Although I adored my CF care team, I was in search of something more: lumacaftor/ivacaftor (Orkambi®), which my current clinic was unable to access for me due to its unique care structure. With my doctor's blessing and encouragement, I contacted a second CF clinic an hour away. This new clinic had been a clinical trials study site for lumacaftor/ivacaftor, so I was hoping the doctors there would be able to assess whether I should try the new drug. The new doctor at the second clinic agreed that I would be an ideal candidate for lumacaftor/ivacaftor. She also confirmed that I could continue to be a patient there while still seeing my other CF doctor. And so, two CF clinics began to share joint custody over my care.
While I do seek care from two different clinics, the phrase “joint custody” implies that I play a passive role here, and that couldn't be further from reality. The truth is that navigating two different CF care teams has made me a more engaged patient and advocate for my care.
My first clinic is much closer to my home and significantly smaller, which makes it my go-to spot for labs, no matter which doctor has requested them. Because of its small size, there is only one CF doctor there, and she answers her personal phone when I call with a question. The wait times for phlebotomy are typically short, and I have become well-acquainted with the friendly man at the front desk who stamps my parking ticket during each visit.

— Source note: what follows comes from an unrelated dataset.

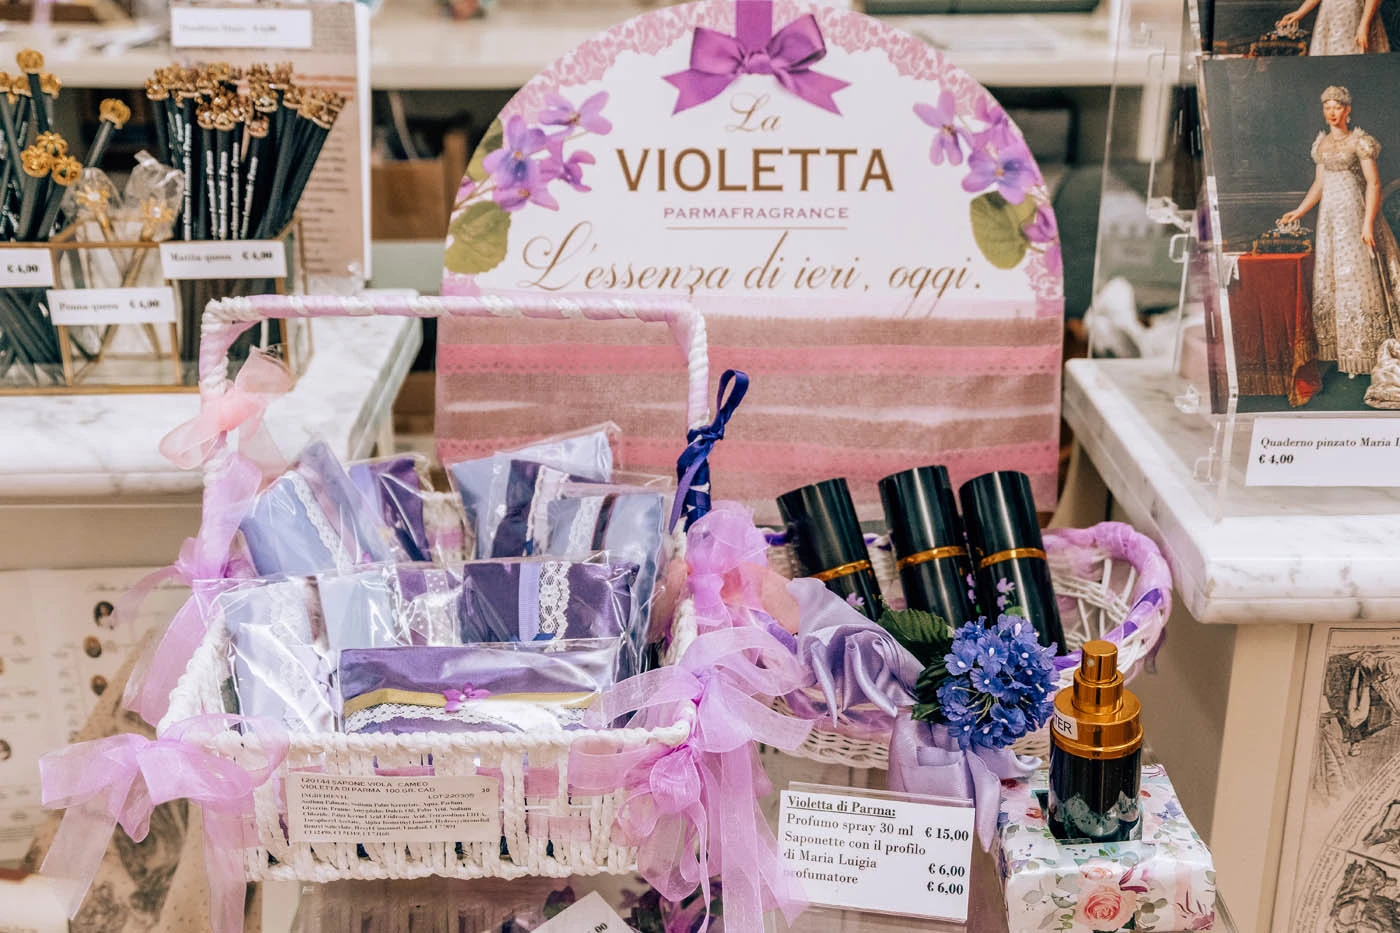 BEST Things to do in Parma Italy - Violetta di Parma fragrance

On the other hand, the second clinic is part of a large, nationally recognized university hospital. It has an entire team of CF doctors and nurses available for rapid email feedback, consultation, and appointments. This clinic has also connected me to phenomenal resources, such as a dedicated CF pharmacist, who comes to my appointments to ensure I'm enrolled in all the right prescription drug discount programs and can answer my questions about dosages or drug interactions.
But, while two care teams may mean double the resources for medical advice, it also means I have twice the work when it comes to coordinating my care. For example, I typically alternate between clinics for my quarterly check-ups so that each CF doctor sees me approximately every six months instead of every three. And beyond my CF clinic appointments, I have many other care teams and providers who need to be kept up to speed as well -- a primary care internist, a high-risk obstetrician-gynecologist (OB-GYN), a reproductive endocrinologist, an orthopedist, and a psychologist. In the age of electronic health records, information sharing across care teams is easier than it used to be, though certainly not foolproof. Every so often, I'll learn that a medical information release authorization needs renewing, which reminds me that I need to proactively share information across my care teams.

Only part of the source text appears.